Wednesday, 25 November 2009

Rejected records

Blue-footed Booby chick - the only booby shot I have! (Michelle Thomas)
I learnt this evening from Kimball Garrett (Ornithology Collections Manager at the Natural History Museum of Los Angeles) that a Brown Booby I found at Salton Sea had been rejected by the rarities committee.

On May 28th 2006 I was birding at Salton Sea in the Colorado Desert, US having spent the previous week hanging in LA, checking out some of my urban patches there. The Salton Sea was one of those places I'd always fancied going so I drove the 180 miles or so southeast out of LA to arrive at that amazing place at dawn.

The 'sea' is actually a giant lake occupying a massive basin in the Colorado Desert covering a surface area of 376 square miles and over 35 miles long. And it was bloody hot!

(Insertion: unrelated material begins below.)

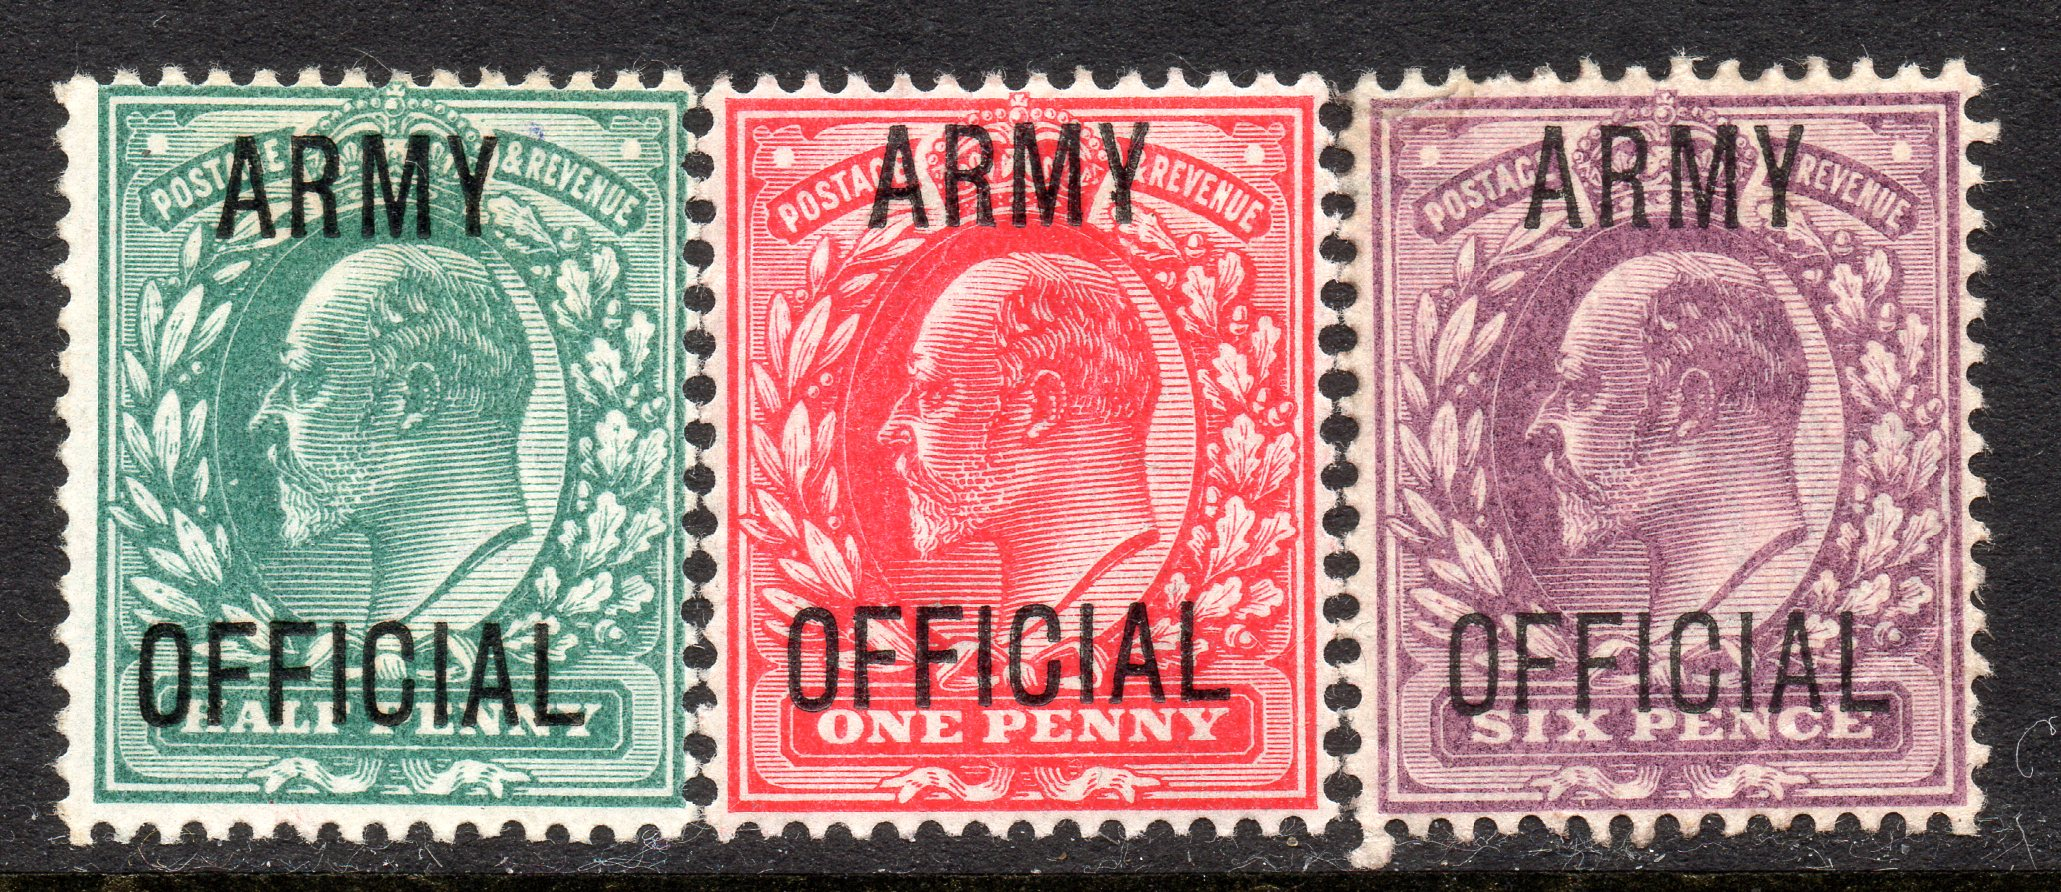 1902 Edward Mint ARMY OFFICIAL Set

I was having a great morning watching a party of White-faced Ibis, both Clark's and Western Grebes, Gambel's Quail, Western Kingbirds plus Yellow-headed Blackbirds. I was also ticking such beauties as several Yellow-footed Gulls, Burrowing Owl, Lesser Nighthawk (my favourite), Verdin, Cactus Wren and Black-tailed Gnatcatcher. My head was positively spinning.

As the morning progressed so did the heat and by 10am it had tipped 100 degrees farenheit. I was walking back to my car that was parked near to the water's edge. It was from there that fairly close in I noticed a strange bird that I soon realised was a 1st winter Brown Booby. It was sitting on the water about 100 yards from me preening. It's big blueish bill, chocolate brown plumage relieved by whitish underparts and underwing coverts to me were fairly diagnostic.

Had I had known just how rare this bird was locally I would have made far more comprehensive notes. Apparently, they are extremely rare at the Salton Sea with the last report being in 1996. My brief notes that I submitted were subsequently rejected. I know how people must feel when they see a bird that is obviously what it is only to have it rejected.

Well, it's on my list even if it's not on their county list. It's just a shame that my encounter with that booby will not be recorded for all to see for prosperity. But I guess we all have a bird or two that never made the grade with the birding establishment.